EXERCISE DATA —

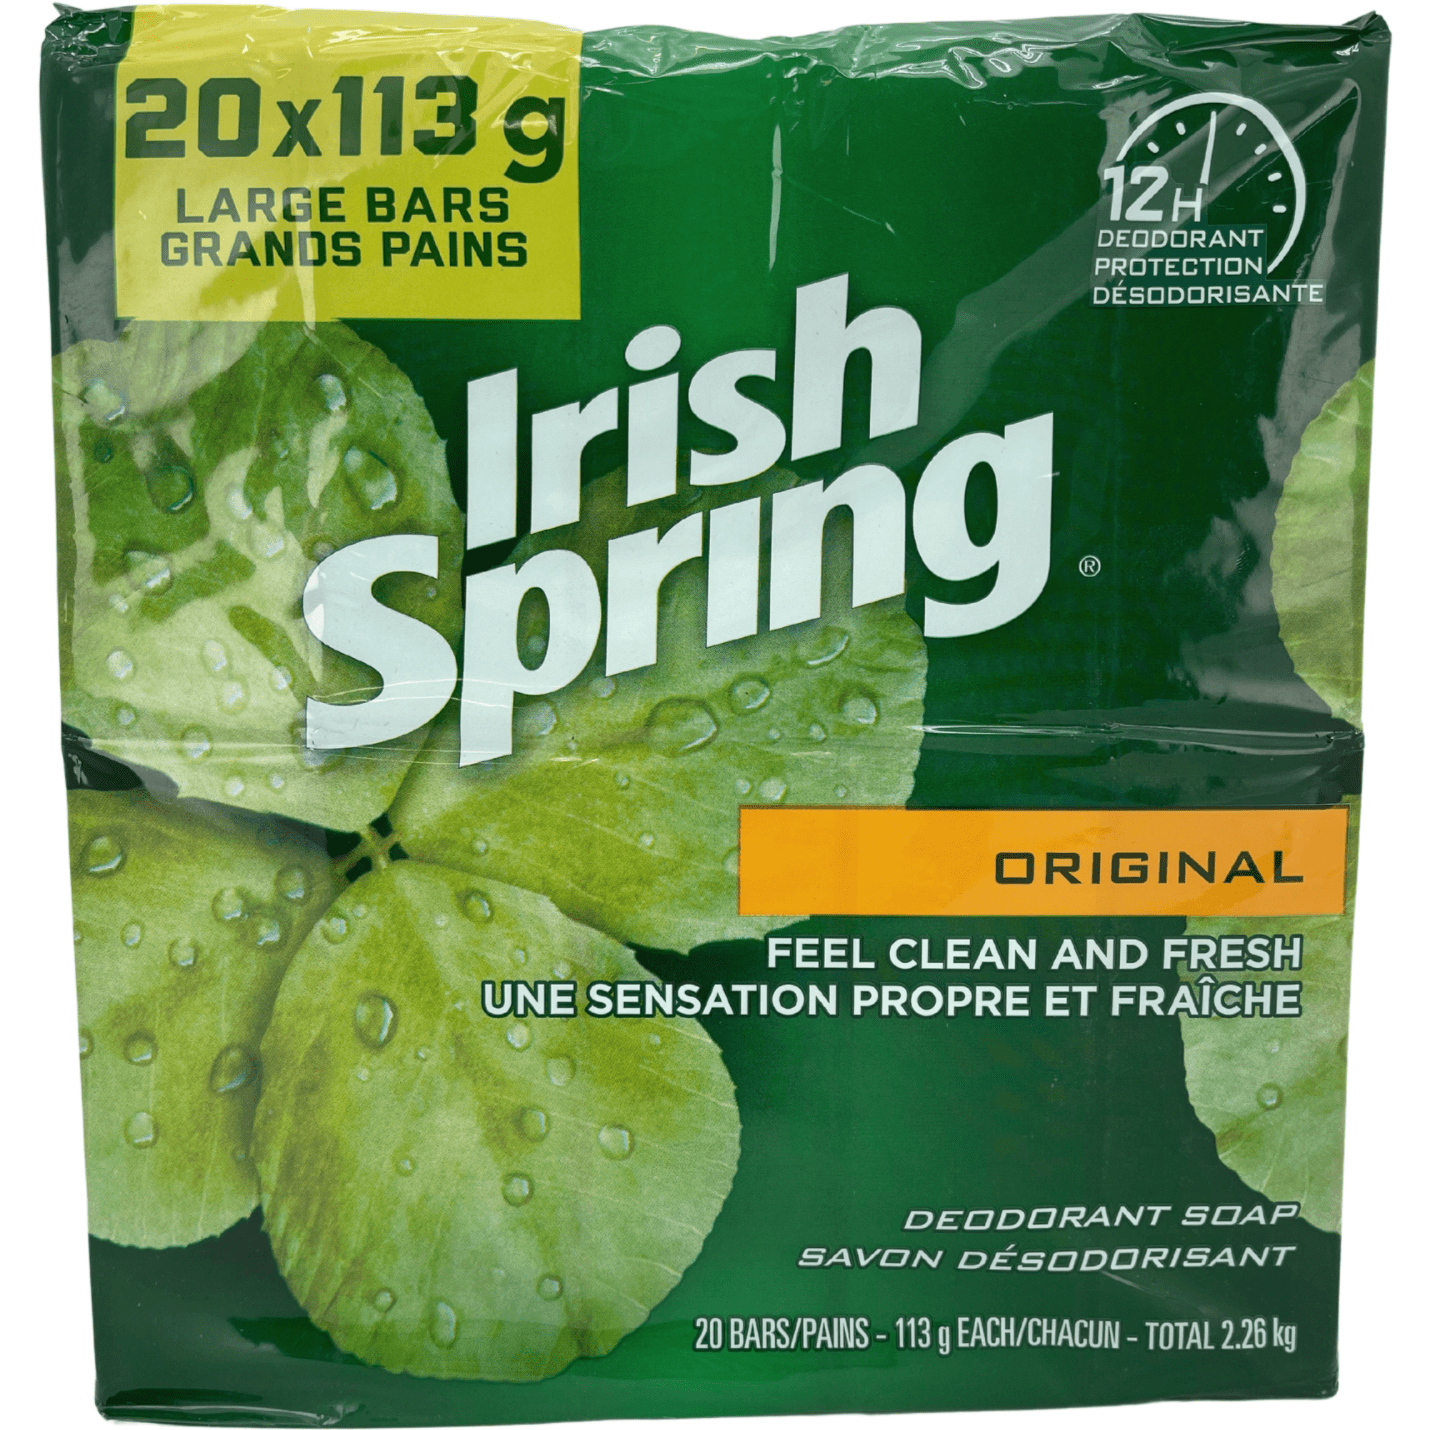 Irish Spring Original Bar Soap / Large Bars / 20 x 113g / Men's Deodorant Soap
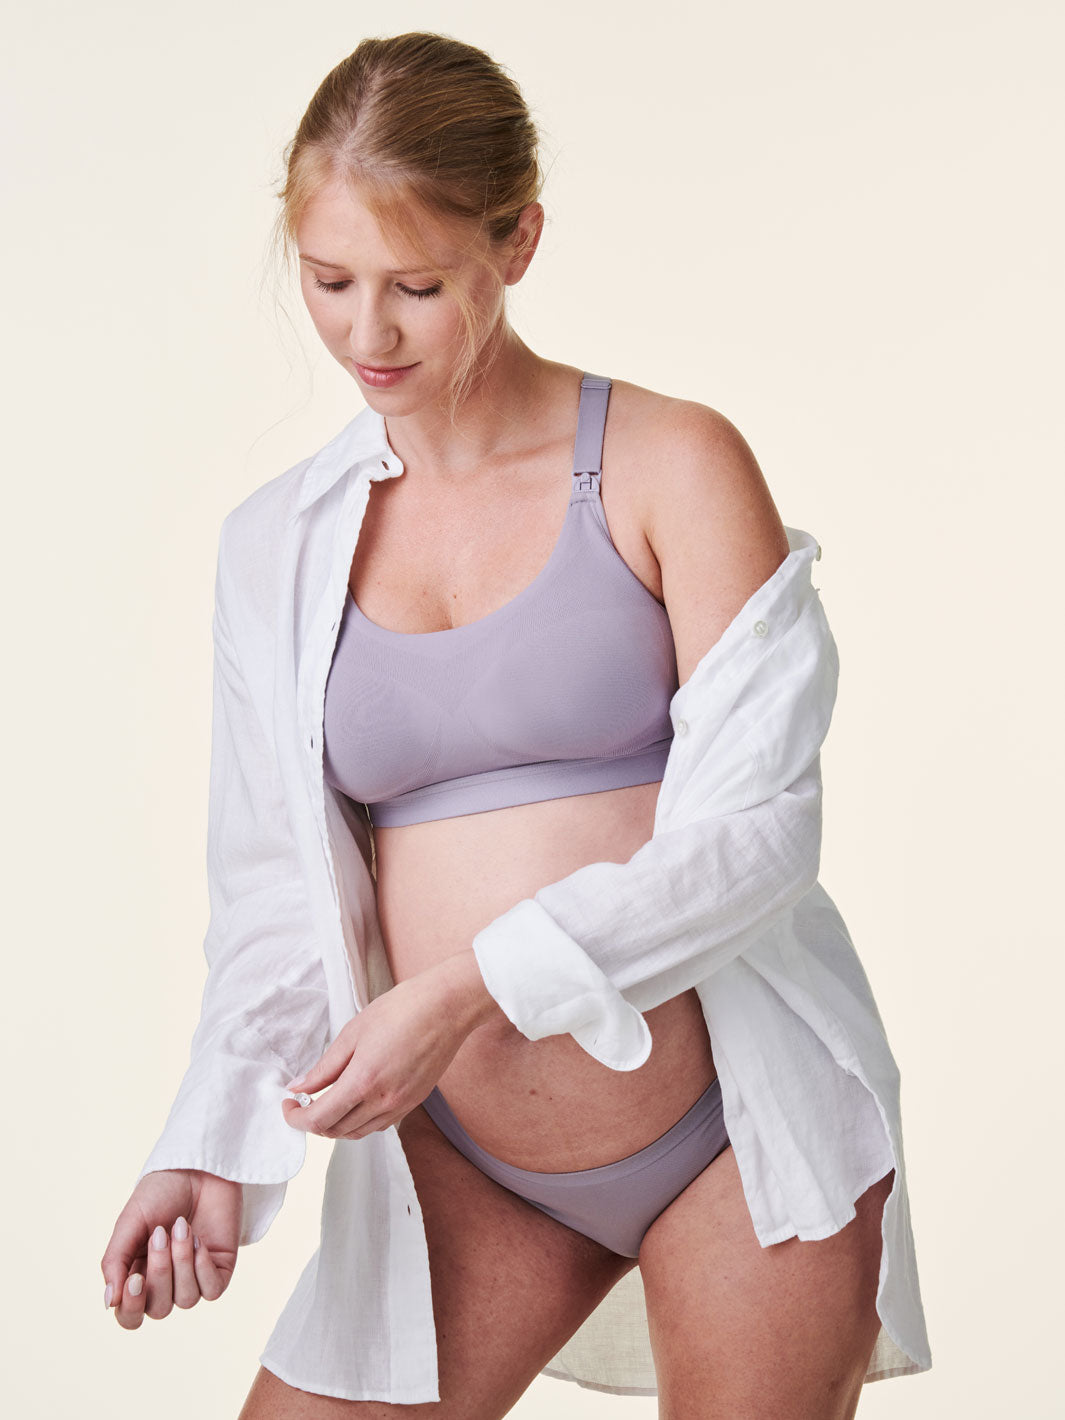 EHQJNJ Nursing Bras for Breastfeeding Sports Bra No Wire Comfort
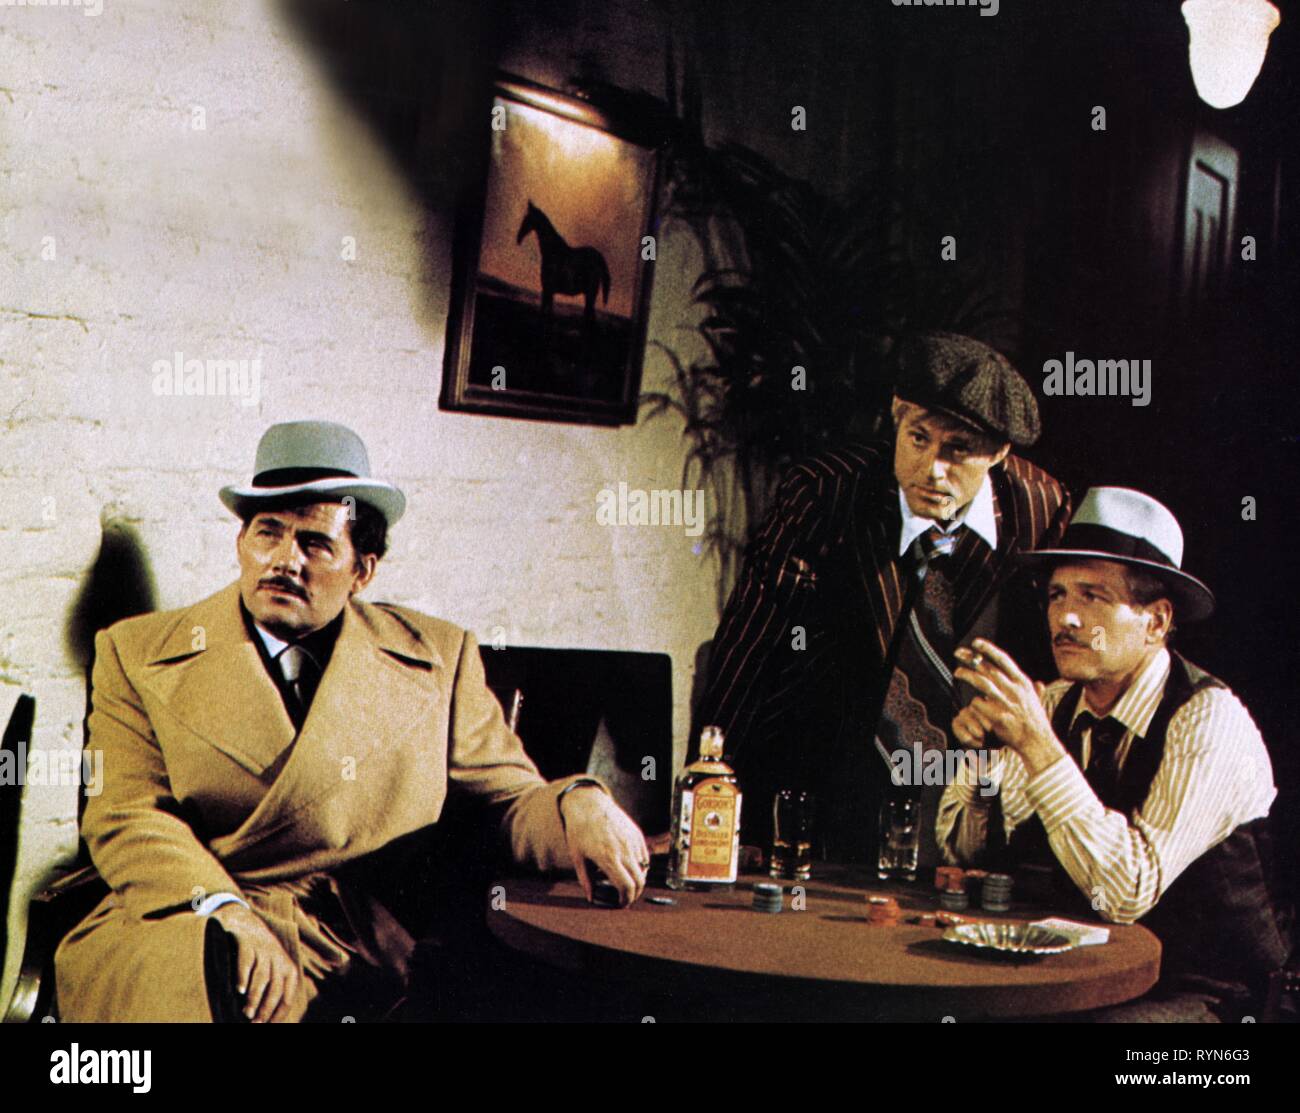 SHAW, Redford, NEWMAN, L'ARNAQUE, 1973 Banque D'Images

TASK —
Repeat all the material above exactly, apart from the pictures.

ANSWER TO THIS PROBLEM —
 Irish Spring Original Bar Soap / Large Bars / 20 x 113g / Men's Deodorant Soap
 EHQJNJ Nursing Bras for Breastfeeding Sports Bra No Wire Comfort
 SHAW, Redford, NEWMAN, L'ARNAQUE, 1973 Banque D'Images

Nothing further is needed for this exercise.